Thyroid Follow-Up Study

Thyroid Nodule Progression Analysis Using IBM MarketScan and Azure Databricks.

Scalable claims-based analysis of thyroid nodule diagnosis, treatment trends, and healthcare costs using longitudinal modeling and statistical methods.

1. Introduction

Thyroid nodules are a prevalent condition, with many cases requiring careful monitoring and potential surgical intervention. Understanding their progression and the associated treatment patterns is critical for informed clinical decisions. This project analyzes real-world data from IBM MarketScan to uncover insights into thyroid nodule management over time, including population-level trends, comorbidities, and follow-up behaviors (Collins et al., 2024). The study leverages distributed computing on Azure Databricks and PySpark to handle and analyze this large-scale claims data efficiently.

2. Key Questions Addressed

  • How do benign and malignant thyroid nodules differ in progression, treatment, and cost?
  • What follow-up patterns emerge over 5 and 10 years for benign cases?
  • What are the most common procedures and their distribution over time?
  • How does insurance type or demographic profile affect treatment decisions?
  • What comorbidities commonly occur in patients with thyroid nodules?

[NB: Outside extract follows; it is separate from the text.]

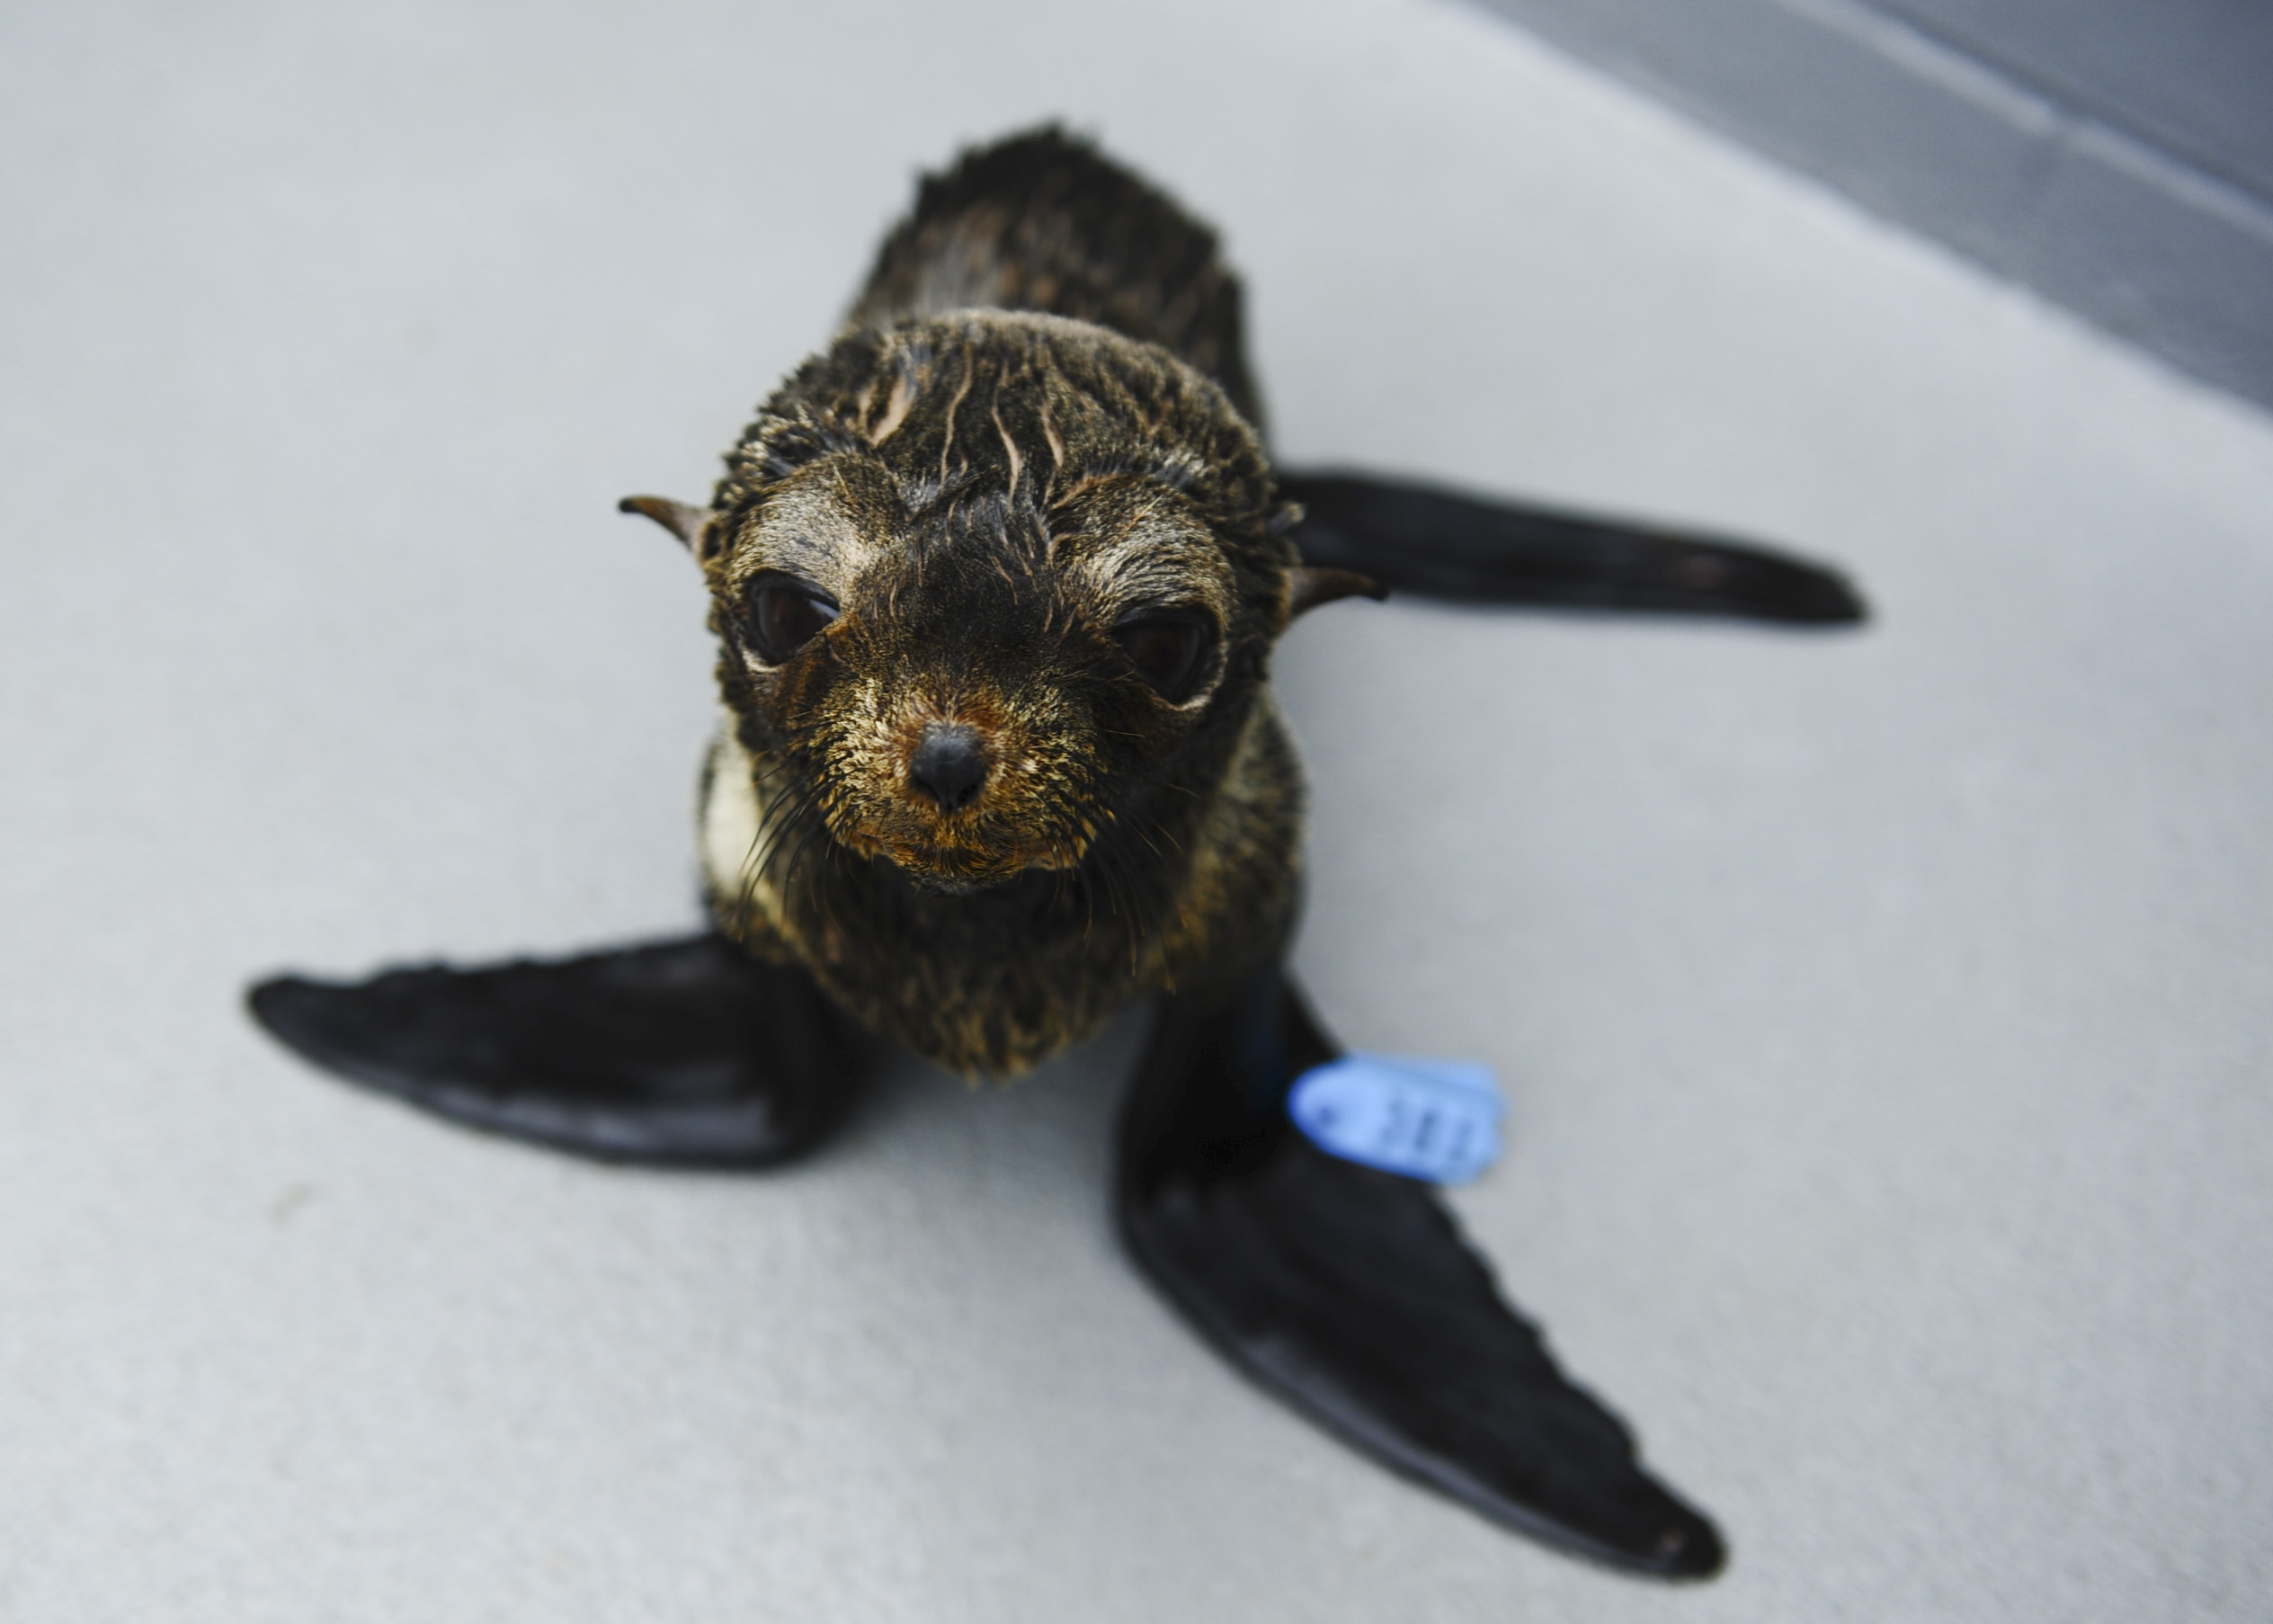 Guadalupe Fur Seals Dying Along California Coast - capradio.org

3. The Problem: Limitations in Claims-Based Thyroid Research

  • Data Volume: MarketScan data contains millions of inpatient and outpatient claims, requiring efficient distributed filtering and transformation.
  • Sparse Progression Labels: Disease progression must be inferred from changes in diagnosis and procedure codes over time.
  • Procedure Duplication: Temporal proximity and redundant claims needed to be resolved via customized deduplication algorithms.
  • Incomplete Coverage: MarketScan does not include Medicare, Medicaid, or uninsured populations, necessitating adjustments using external population data.
  • Insurance Impact: Assessing how insurance type affects care delivery remains a critical equity-focused angle.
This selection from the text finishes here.